Though the clients who paid those fees testified that they did not feel wronged, prosecutors convinced the jury that it was illegal for Bereano to charge for something the clients had not agreed to pay for when they hired him.

The Supreme Court is expected to act on his appeal within weeks. The Justice Department had earlier passed up a chance to comment on his challenges, but the court then asked for the government's views before deciding whether to hear the appeal.

The department disputed Bereano's argument that the law should not apply to private individuals but rather should cover only the denial of "honest services" by a government official or employee.

No lower-court ruling, the department argued, has limited the mail fraud law "to schemes involving the services of public officials." The department also disputed Bereano's claim that he could not be convicted under the law because prosecutors had not proved that he violated any Maryland state law. No such proof is necessary, the department contended.

In an unrelated action yesterday, the Supreme Court ruled, without issuing an opinion, that a federal law against sexually explicit pictures or words on the Internet can be applied only to outright obscenity, not to merely indecent expression.

ApolloMedia Corp., a San Francisco company that operates a Web site where people can express opinions anonymously in indecent terms, contended that the law was unconstitutional because it could be applied to indecent expression, which is protected by the Constitution.

A lower court, agreeing with the Justice Department, said the law was intended to apply only to messages or pictures that meet the legal definition of obscenity, which the Constitution does not protect.
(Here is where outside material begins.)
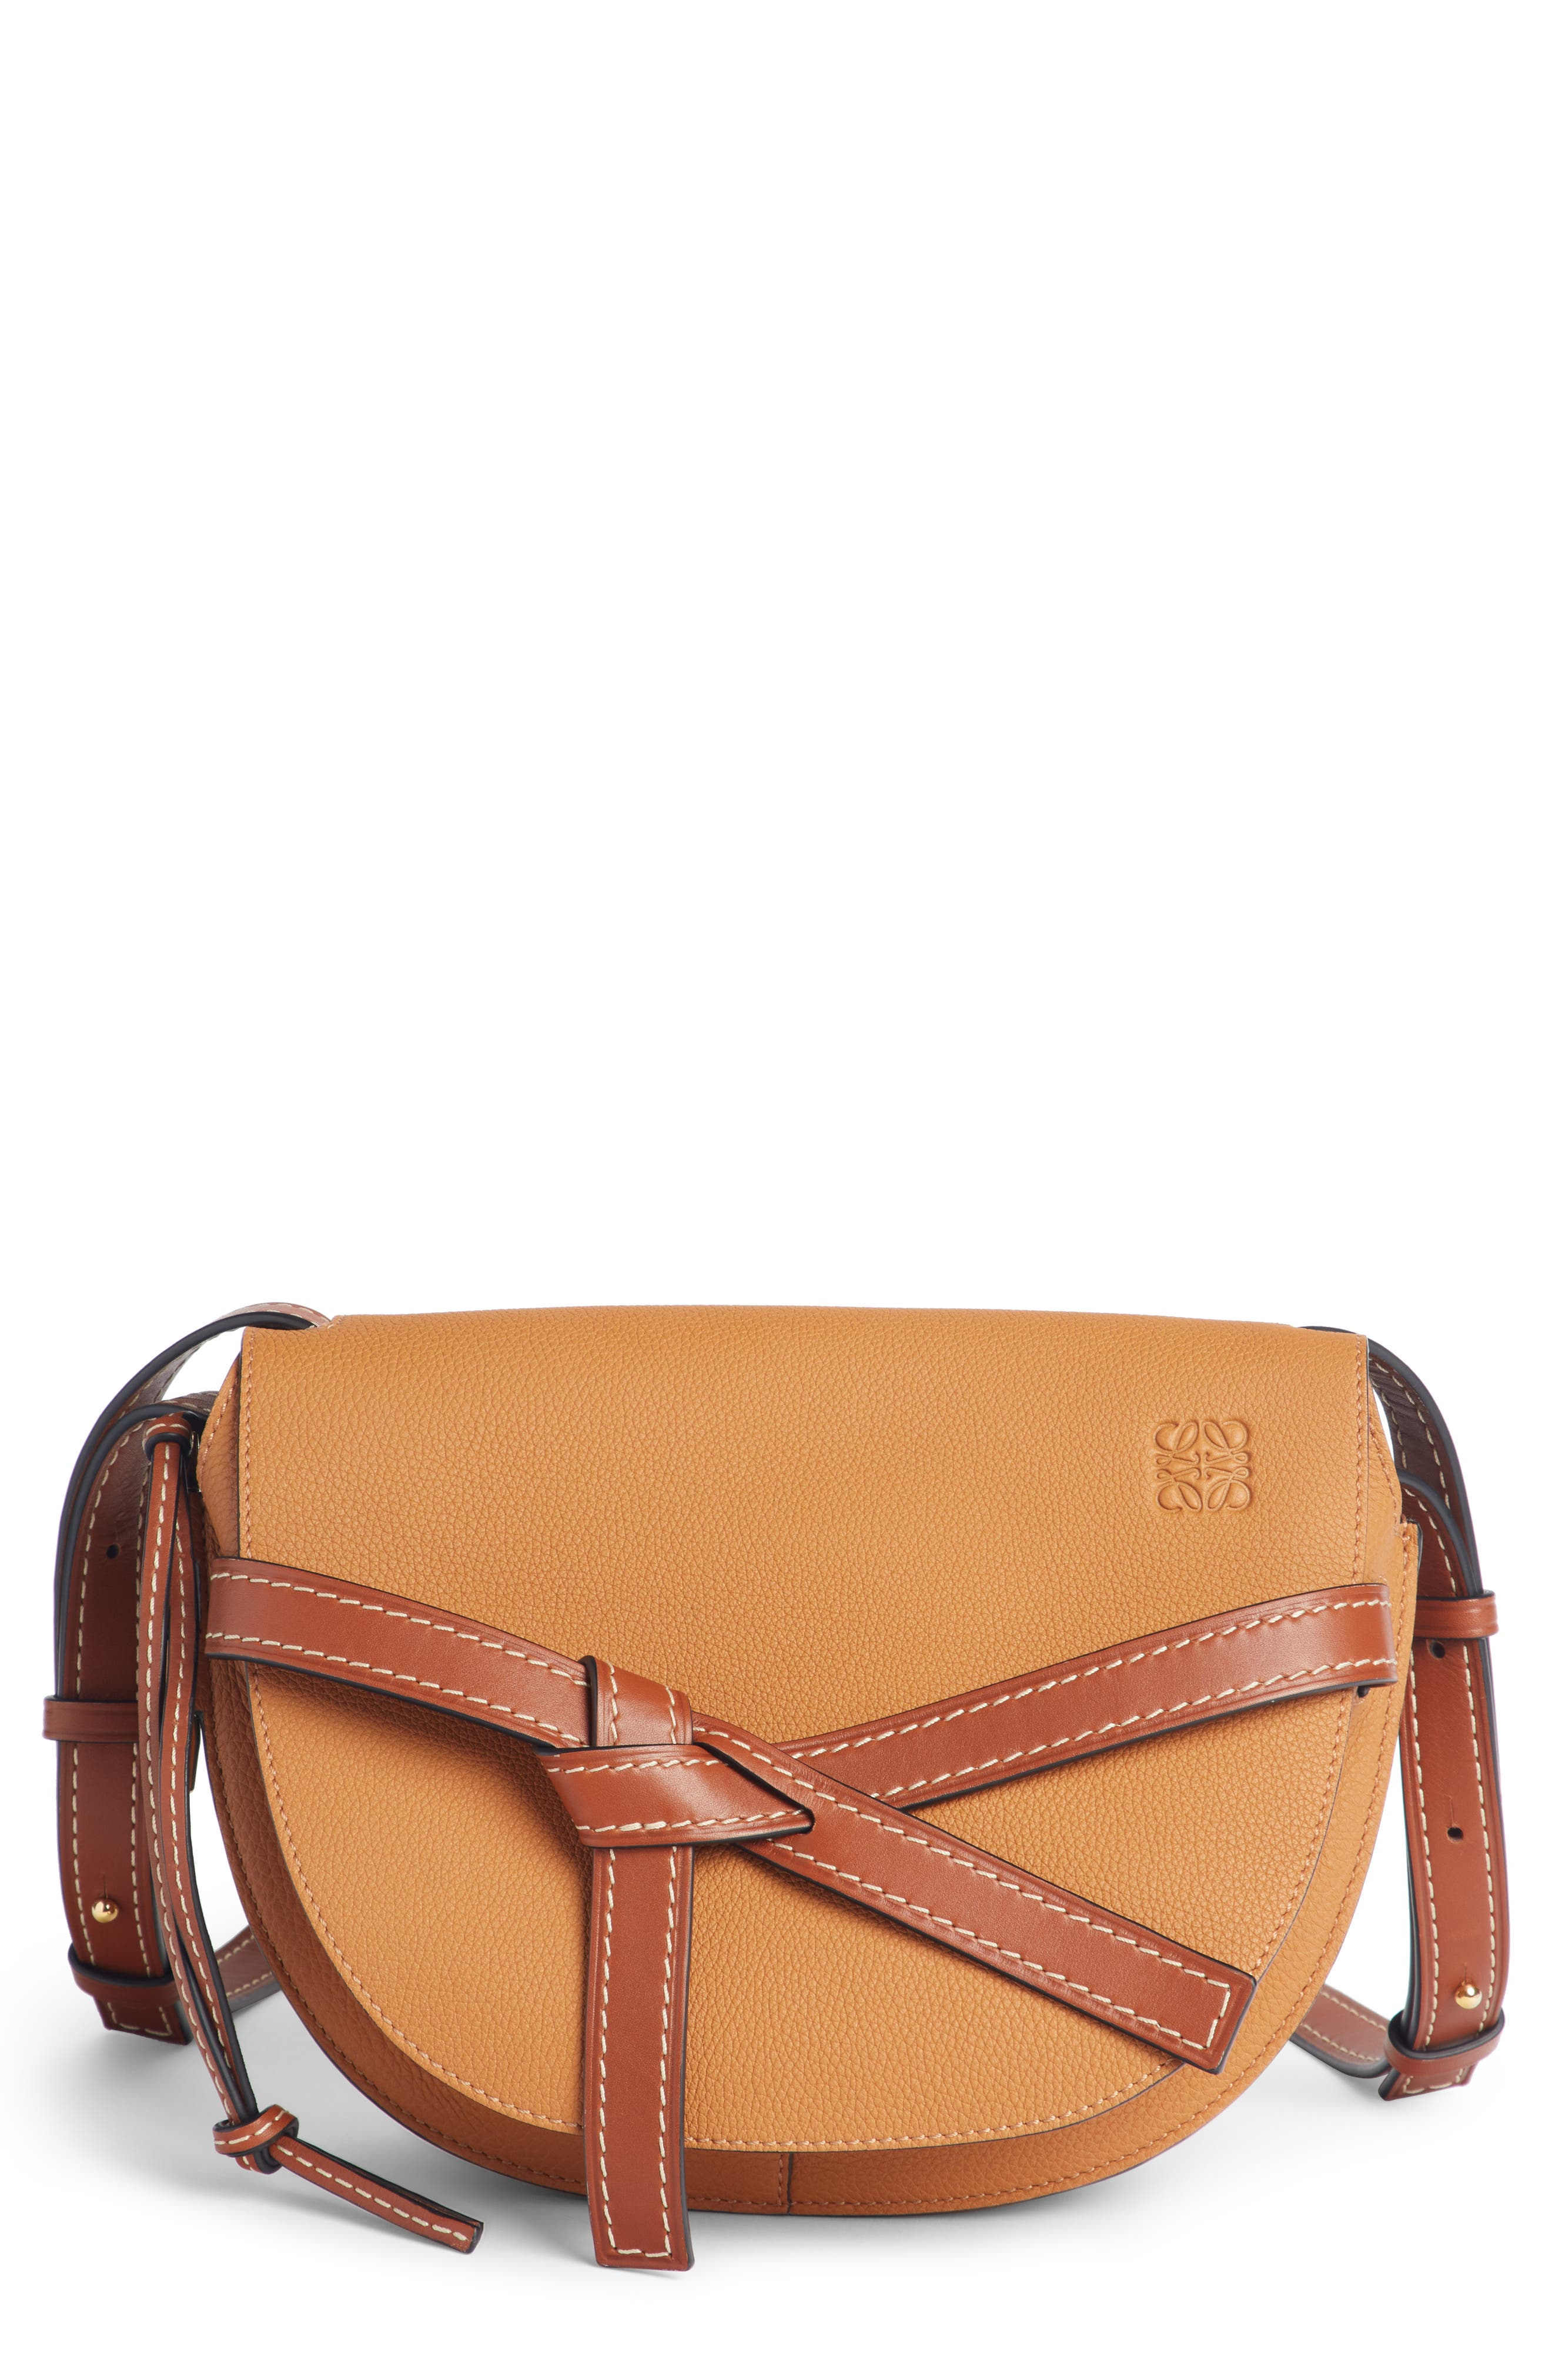 LOEWE Small Gate Leather Crossbody Bag, Main, color, LIGHT CARAMEL/ PECAN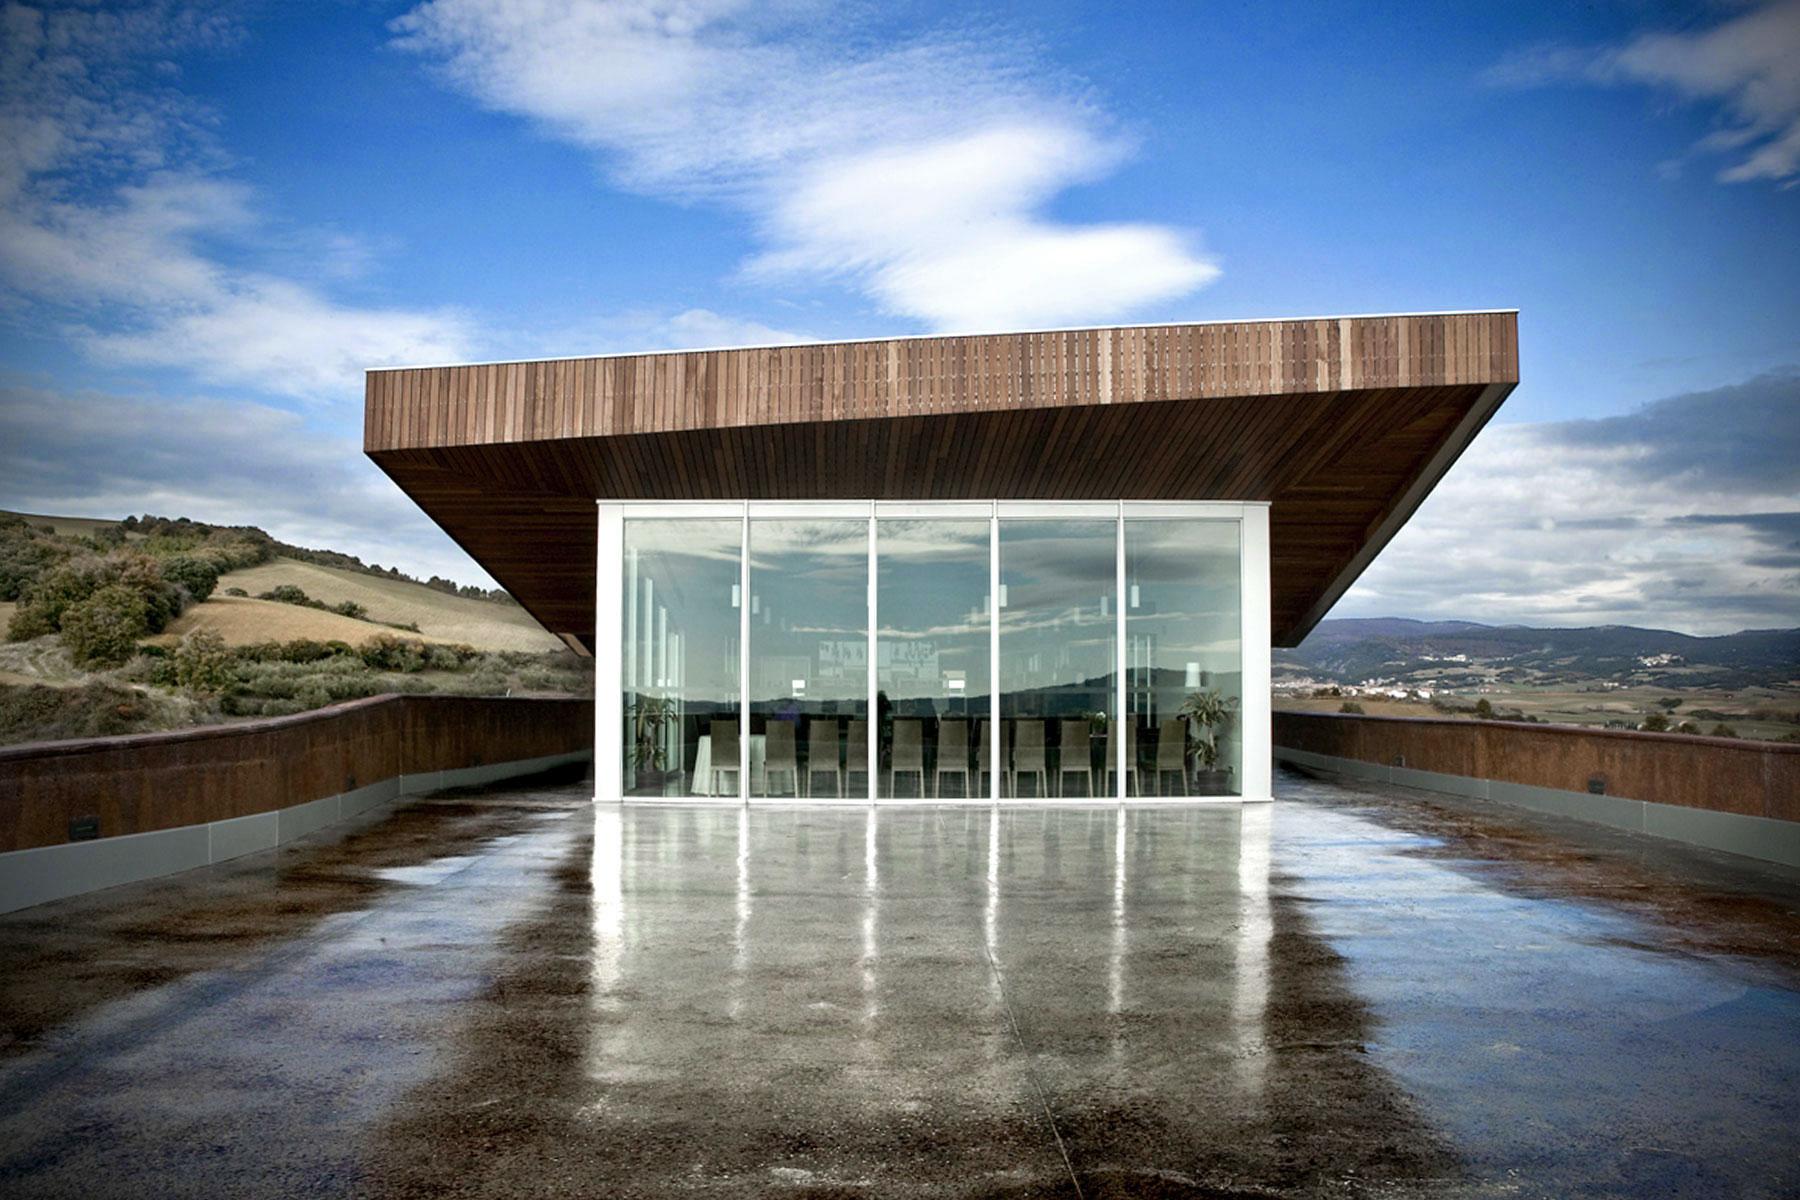 Lider en venta de vinos de Bodega Aroa

The justices voted 9-0 simply to uphold that result.

Two other actions by the court affect animal rights advocates. The justices allowed a New York man to sue the Agriculture Department for the emotional injury he said he suffered from viewing caged zoo animals being treated inhumanely. And the court permitted two women to continue their lawsuit against a Florida county for taking inadequate steps to protect two types of sea turtles that are considered an endangered species.

The court agreed to decide next year whether someone who has been convicted of a crime has a constitutional right, during an appeal, to act as his or her own lawyer. In the past, the court has ruled that there is a right to act as one's own lawyer during a trial. The issue involving the rights of appeal arises in a California embezzlement case.